Au 5e étage d’un immeuble discret, dans les petits bureaux de la Nordic Exchange, règne un silence surprenant. Pas de traders déchaînés, de spéculateurs au bord des larmes. Derrière leurs ordinateurs, les 23 employés enregistrent sagement les informations. «Nous avons beaucoup plus de travail, mais nous travaillons dans le calme, comme d’habitude», dit l’un d’eux.
Dans les rues de Reykjavik, la capitale, rien ne semble avoir changé. Pas d’émeutes de la faim ou de bagarre pour des bouteilles d’huile dans les supermarchés, comme l’écrivait un journaliste grec la semaine dernière. Pourtant, la crise est partout. Dans toutes les têtes, toutes les conversations.

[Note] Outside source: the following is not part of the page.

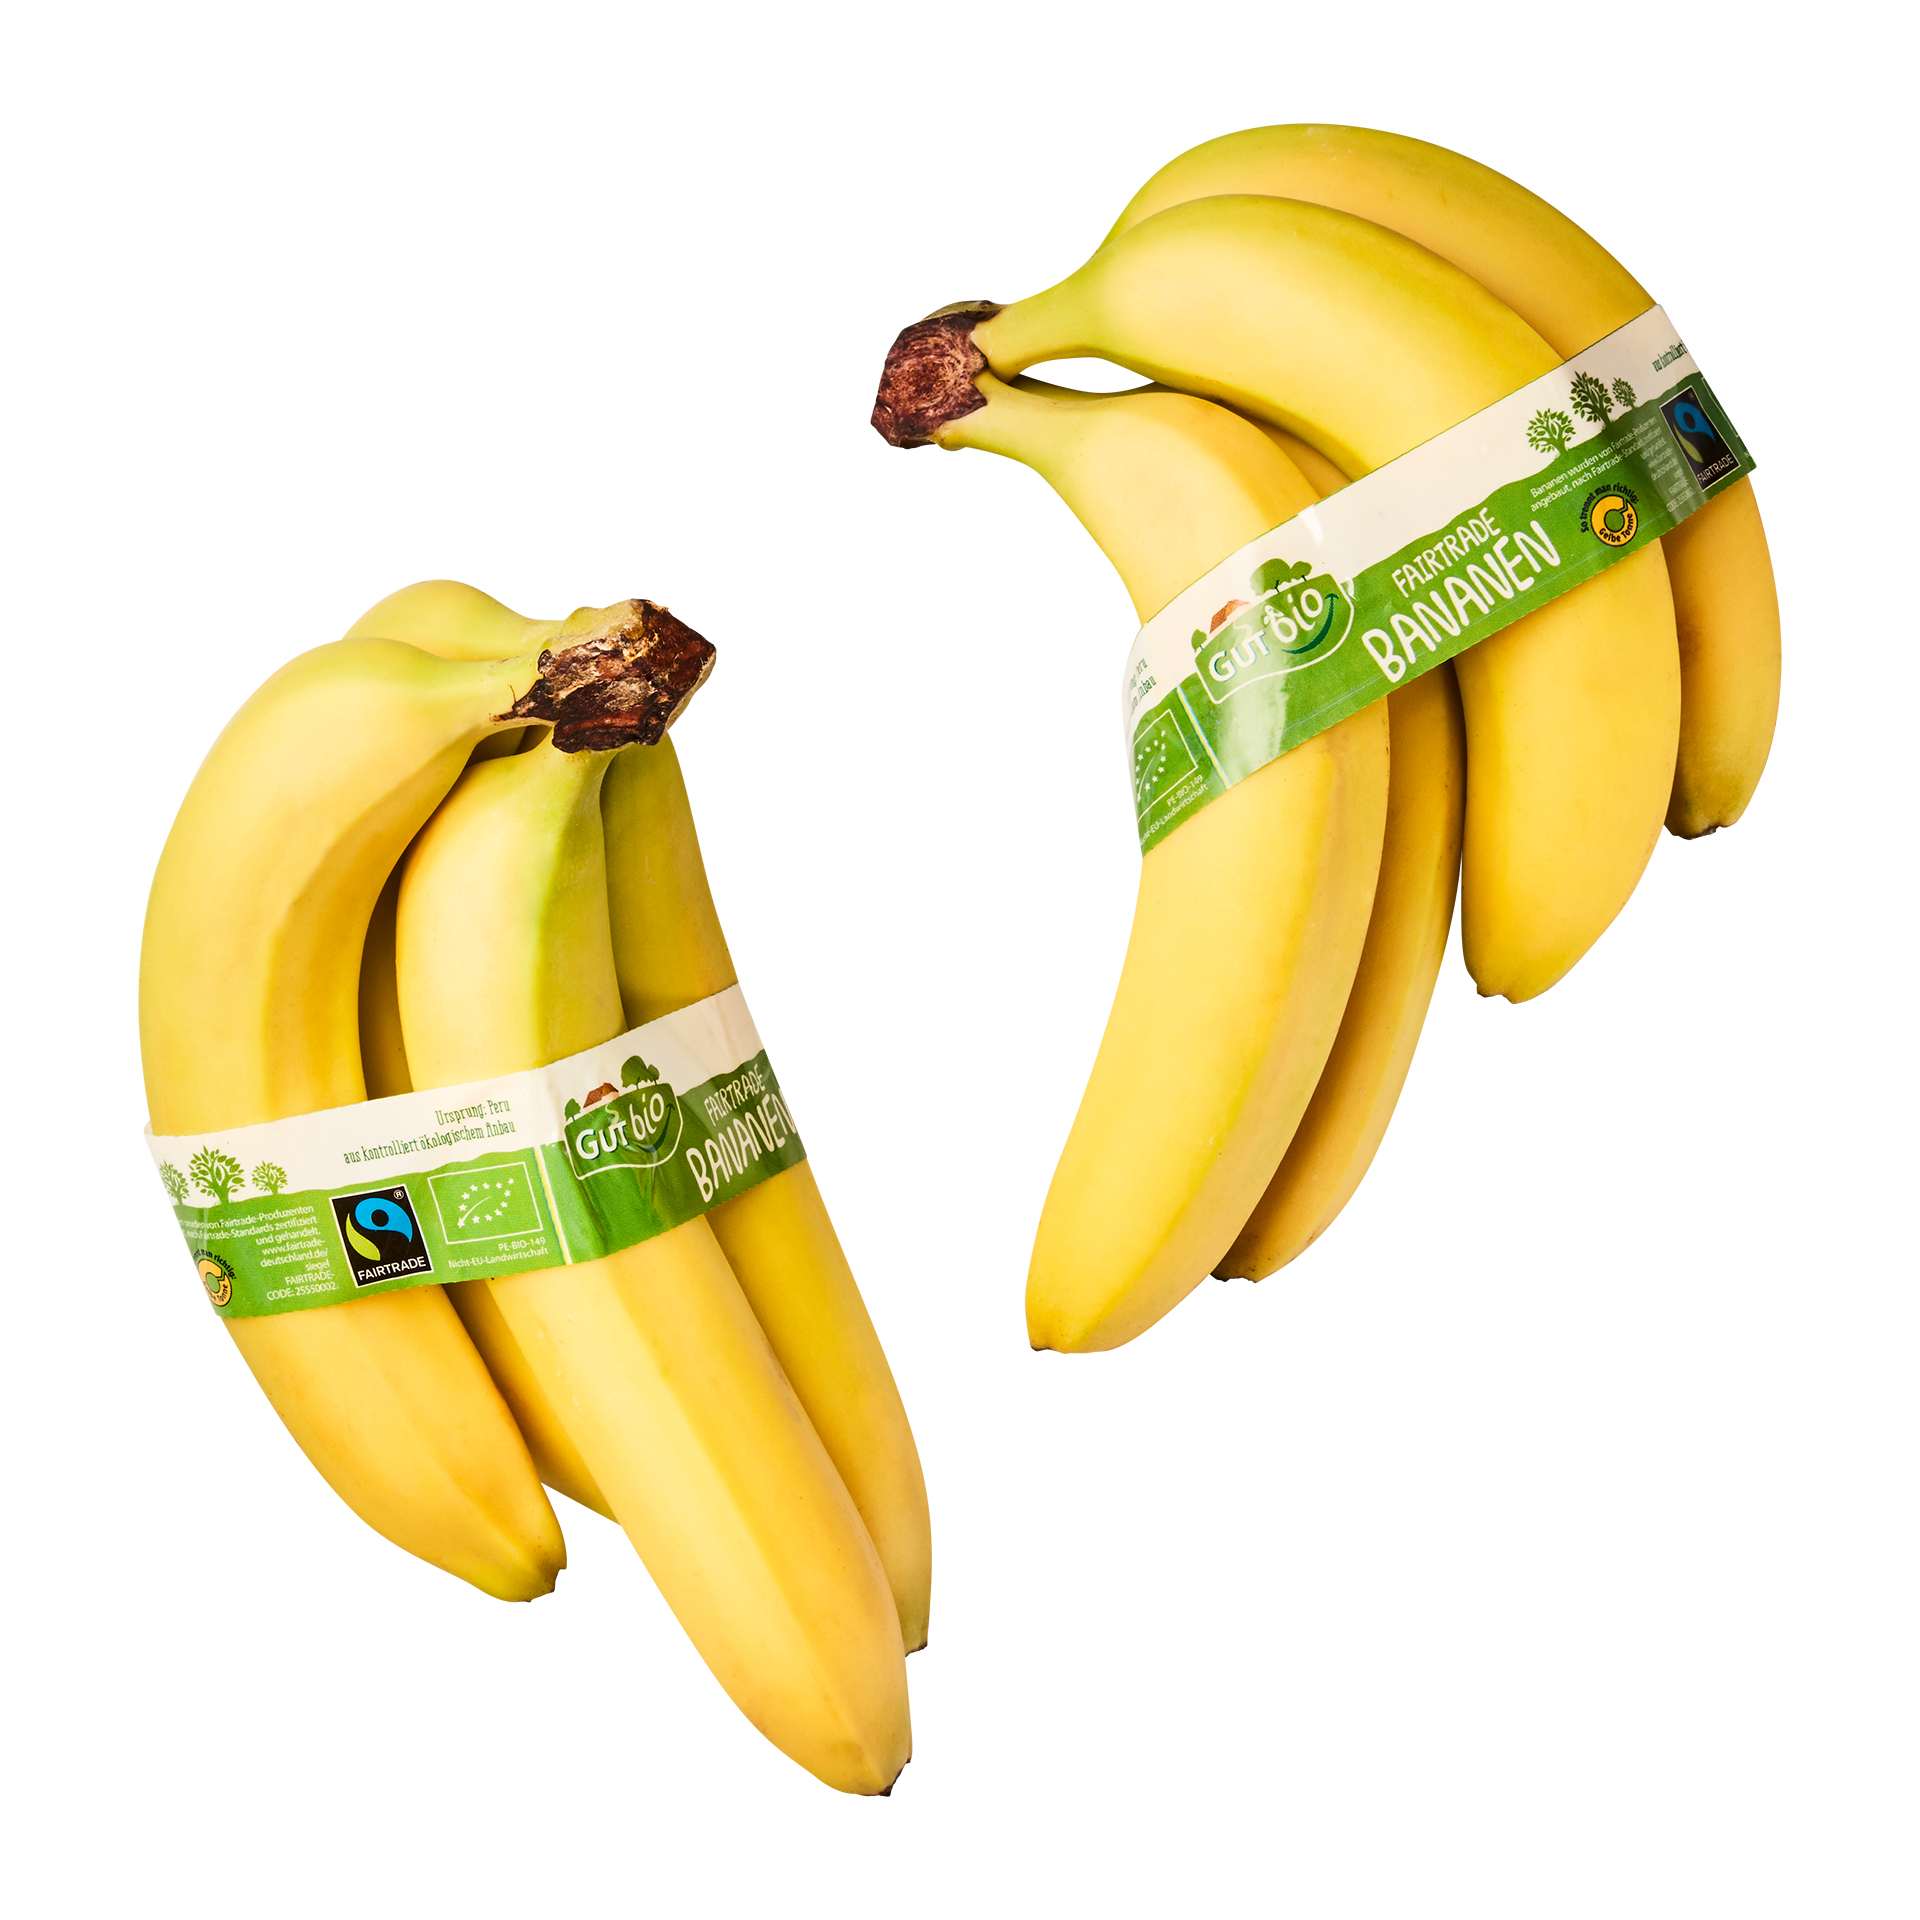 GUT BIO Bio-Bananen, Fairtrade günstig bei Nord ALDI

La majorité des Islandais a conscience que le niveau de vie va changer.
Dans un bar cosy de la rue principale, Eva et Margret, 22 ans, témoignent des difficulté qui guettent désormais les Islandais. Ces deux étudiantes, serveuse et femme de ménage à temps partiel, ont été licenciées cette semaine. «A cause de la crise, beaucoup d’étudiants ont perdu leur job», raconte Margret. Eva ajoute que son père a perdu «beaucoup d’argent placé à la banque».

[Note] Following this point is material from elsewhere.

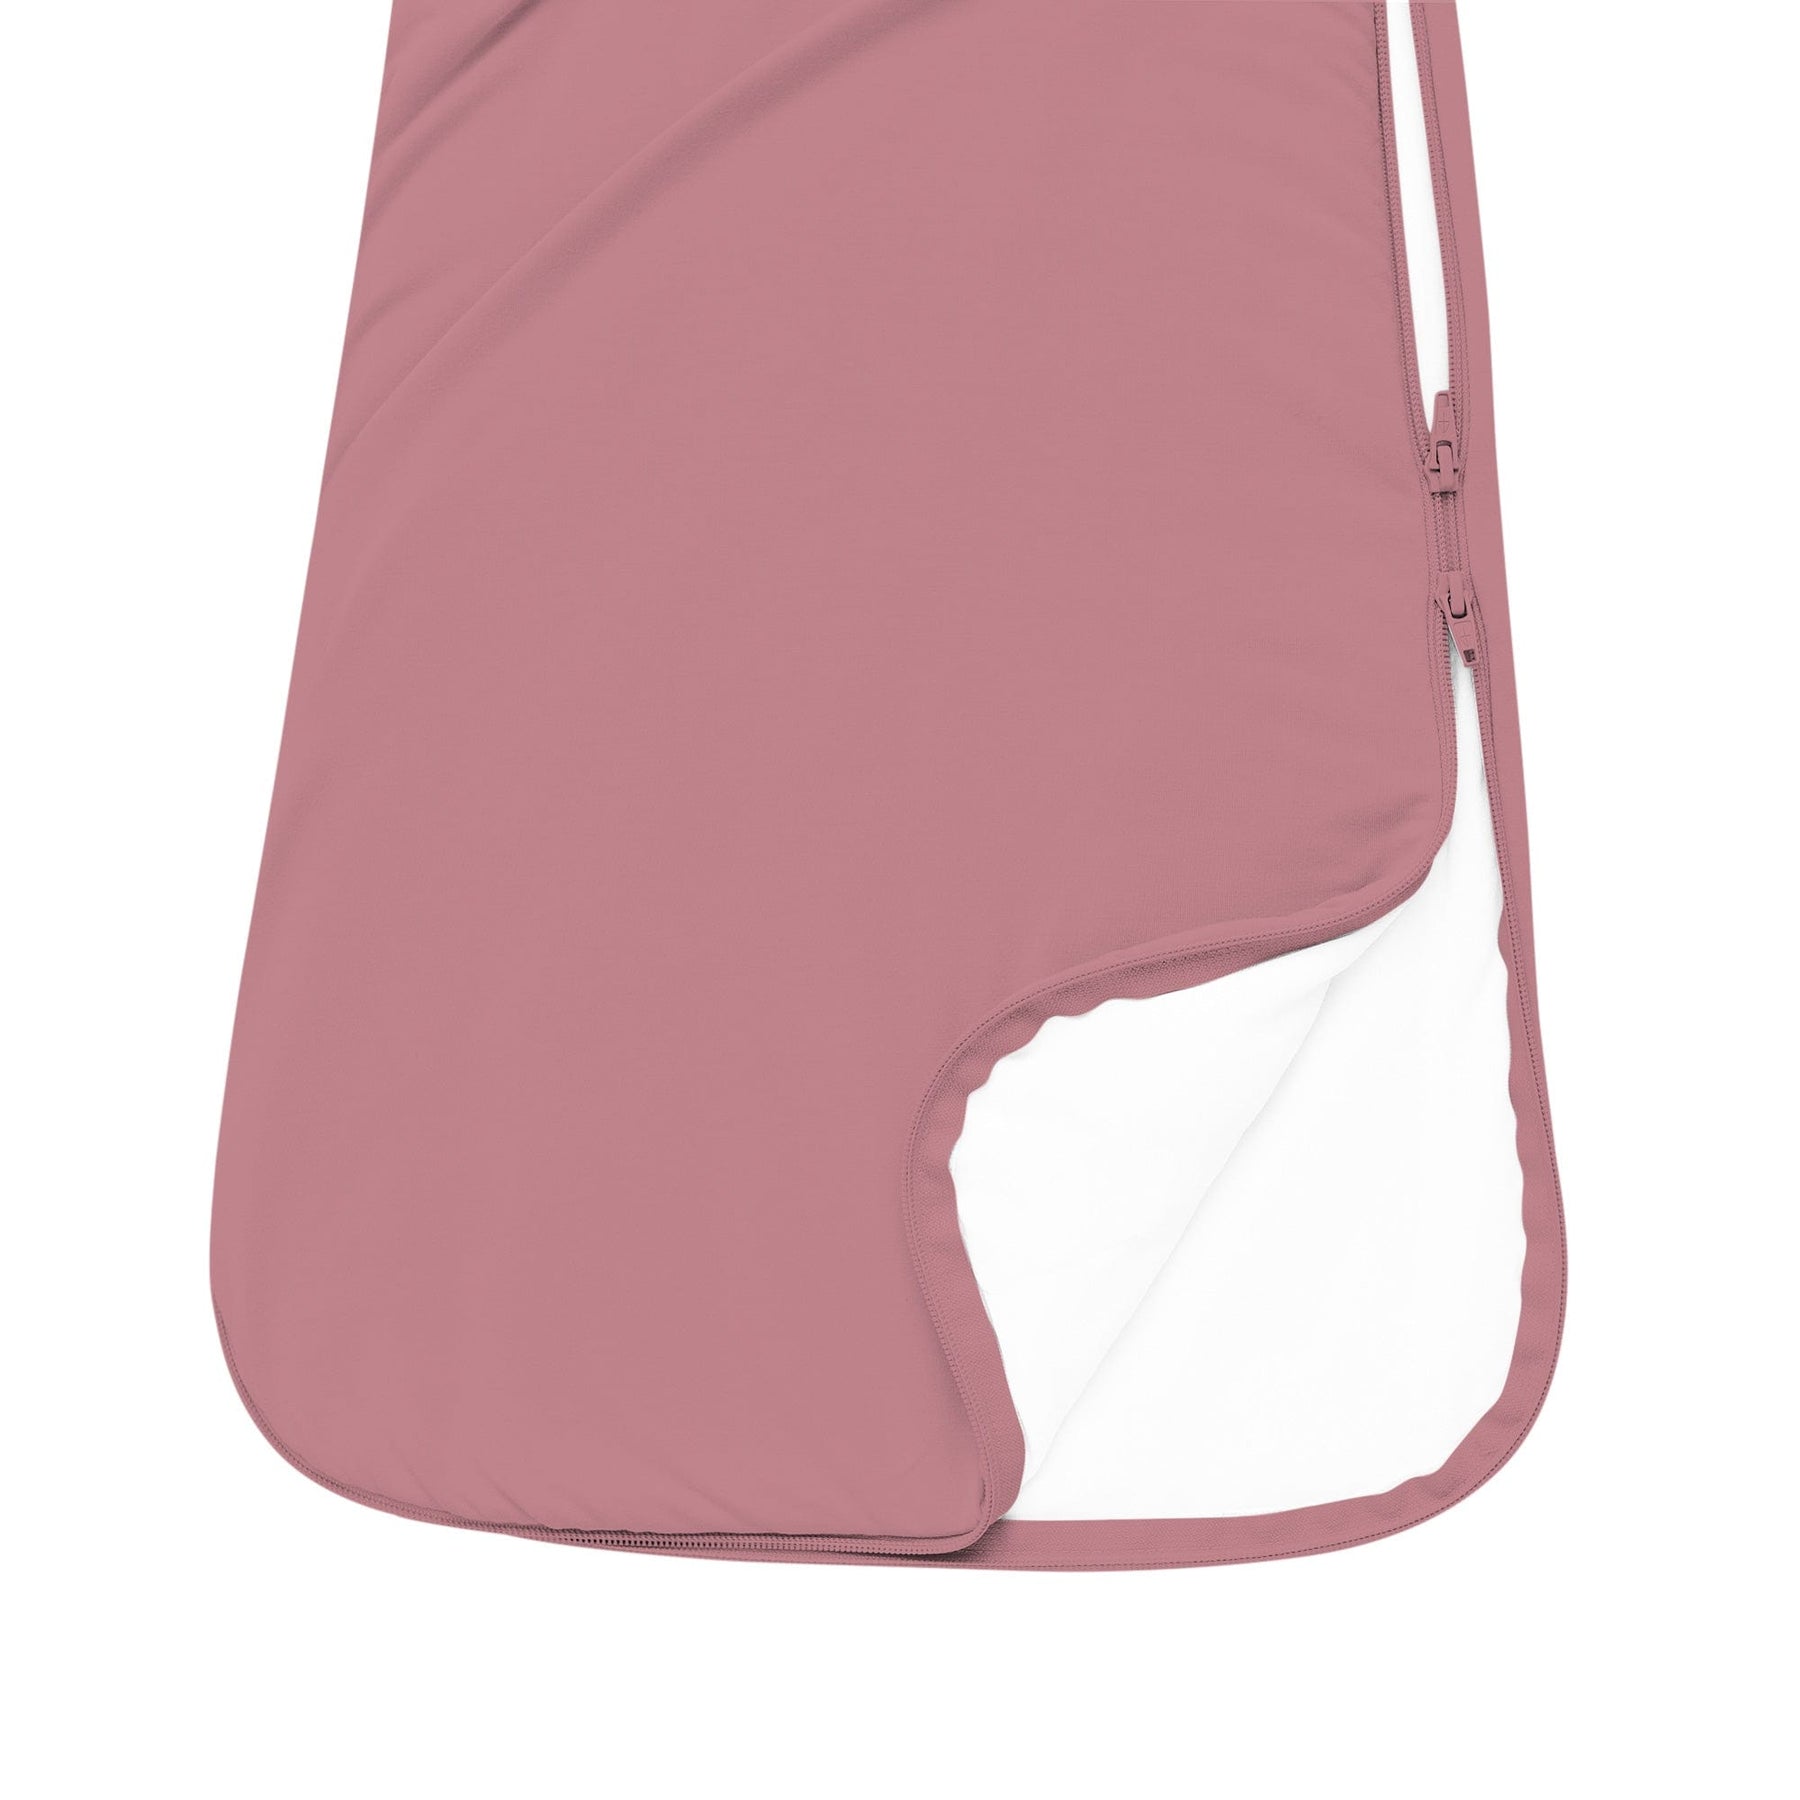 Kyte Baby Sleep Bag 1.0 Tog Sleep Bag in Dusty Rose 1.0

Il fait partie des 85 000 petits actionnaires qui avaient misé sur des valeurs bancaires et qui n’ont aujourd’hui plus rien. Margret a dû annuler son année d’étude à l’étranger. «La couronne islandaise ne vaut plus rien hors de nos frontières et les banques refusent d’octroyer des prêts», explique cette jolie blonde aux yeux bleus.
D’autres étudiants sont coincés. «Les Islandais qui étudient à l’étranger ne s’en sortent plus avec la dévaluation de la couronne, et leurs parents ne peuvent pas les aider : il est impossible d’acheter des euros et d’envoyer de l’argent hors des frontières (la sortie des devises est bloquée, ndlr)», explique Martin, étudiant en Islandais-norvégien à l’université de Reykjavik.

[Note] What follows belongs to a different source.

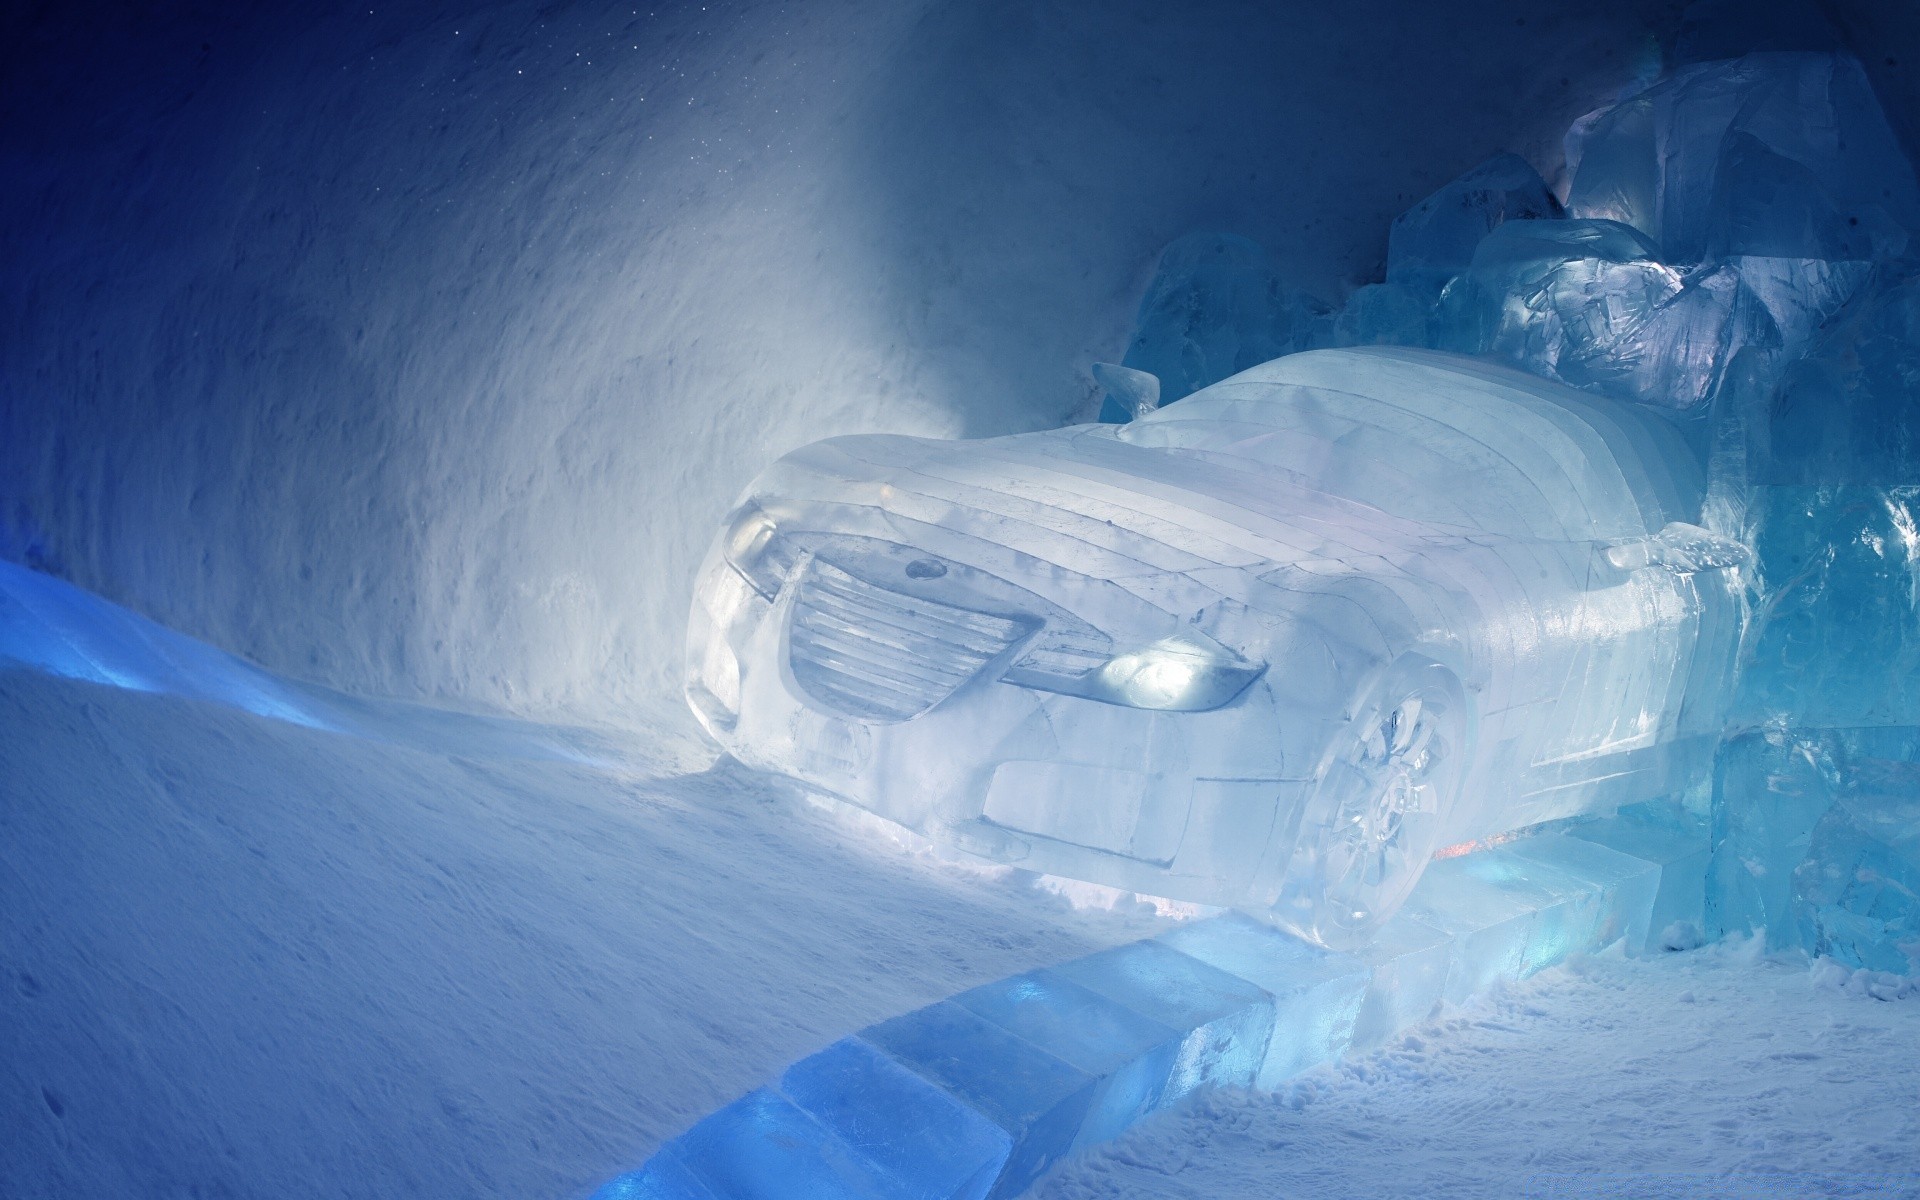 Важные нюансы выбора автомобиля для использования в условиях снегопада и льда

Dans la rue commerçante de la capitale, Thorunn, la quarantaine, rentre de sa journée de travail : «Tout le monde va être touché, notamment avec les prix de la nourriture qui ont déjà augmenté ses derniers mois, mais qui vont exploser avec la crise». Sa collègue, Katrin, acquiesce avant de se reprendre: «On reste optimiste, les Islandais ont déjà vécu pire et on s’en est toujours sorti. Maintenant c’est juste une question de temps».
Katrin n’est pas la seule à rester positive. Le président de la bourse islandaise est du même avis : «Les Islandais sont des vikings, des survivants, ils n’ont jamais été du genre à se lamenter, nous allons tout recommencer sur de nouvelles bases, c’est la seule chose raisonnable à faire. A mon avis, d’ici un ou deux ans, nous serons de nouveau sur pied.